Regulation2 min read

House Member Presses DOJ on Cannabis Rescheduling Timeline

Congressional pressure mounts on Justice Department for progress update on marijuana reclassification, three months after Trump administration directive.

March 27, 2026 at 2:01 PMCannabismarketcap

Congressional oversight of federal cannabis policy intensifies as a House member formally requests an update from the Department of Justice regarding marijuana rescheduling progress. The inquiry comes three months after the Trump administration issued an executive order directing federal agencies to review cannabis classification under the Controlled Substances Act.

The timing of this congressional intervention reflects growing impatience with the pace of federal cannabis reform. Industry stakeholders have watched closely as the DOJ navigates the complex regulatory framework surrounding marijuana's Schedule I status, which currently places cannabis alongside heroin and LSD as substances with no accepted medical use.

This congressional pressure could accelerate the rescheduling timeline, potentially moving cannabis to Schedule III alongside substances like ketamine and testosterone. Such a change would eliminate the 280E tax burden that has constrained cannabis operators' profitability for years, allowing companies to deduct standard business expenses. Multi-state operators like Curaleaf, Green Thumb Industries, and Cresco Labs would see immediate margin improvements from tax relief.

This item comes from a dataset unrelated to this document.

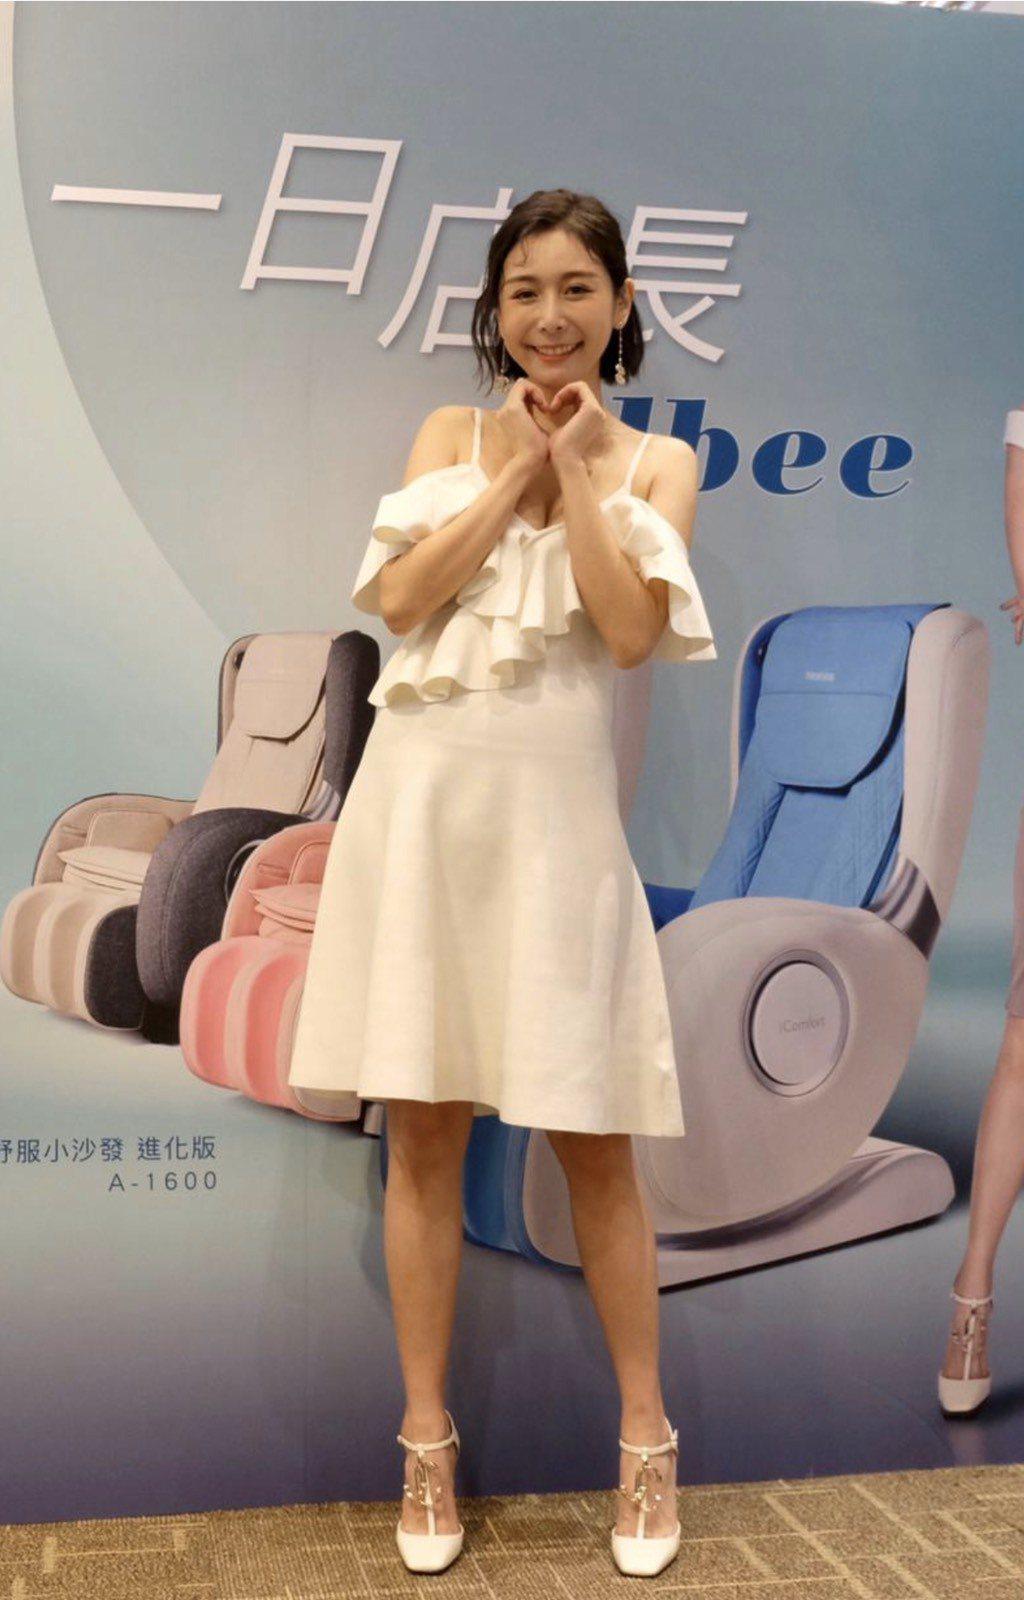 Albee范乙霏(中)出席一日店長活動,現場和粉絲互動,一襲白色洋裝胸部快掉出來

The cannabis sector trades heavily on federal policy developments, with rescheduling representing the most significant regulatory catalyst since state-level legalization began. Current market valuations reflect deep discounts due to federal prohibition, limited banking access, and punitive tax treatment. A Schedule III designation would address two of these three core issues while maintaining federal oversight.

Congressional involvement signals that cannabis rescheduling remains a bipartisan priority despite political transitions. The industry's institutional investment thesis depends largely on federal normalization, making regulatory progress essential for sustained capital formation and market maturation. This latest development maintains momentum toward federal cannabis reform, even as implementation timelines remain uncertain.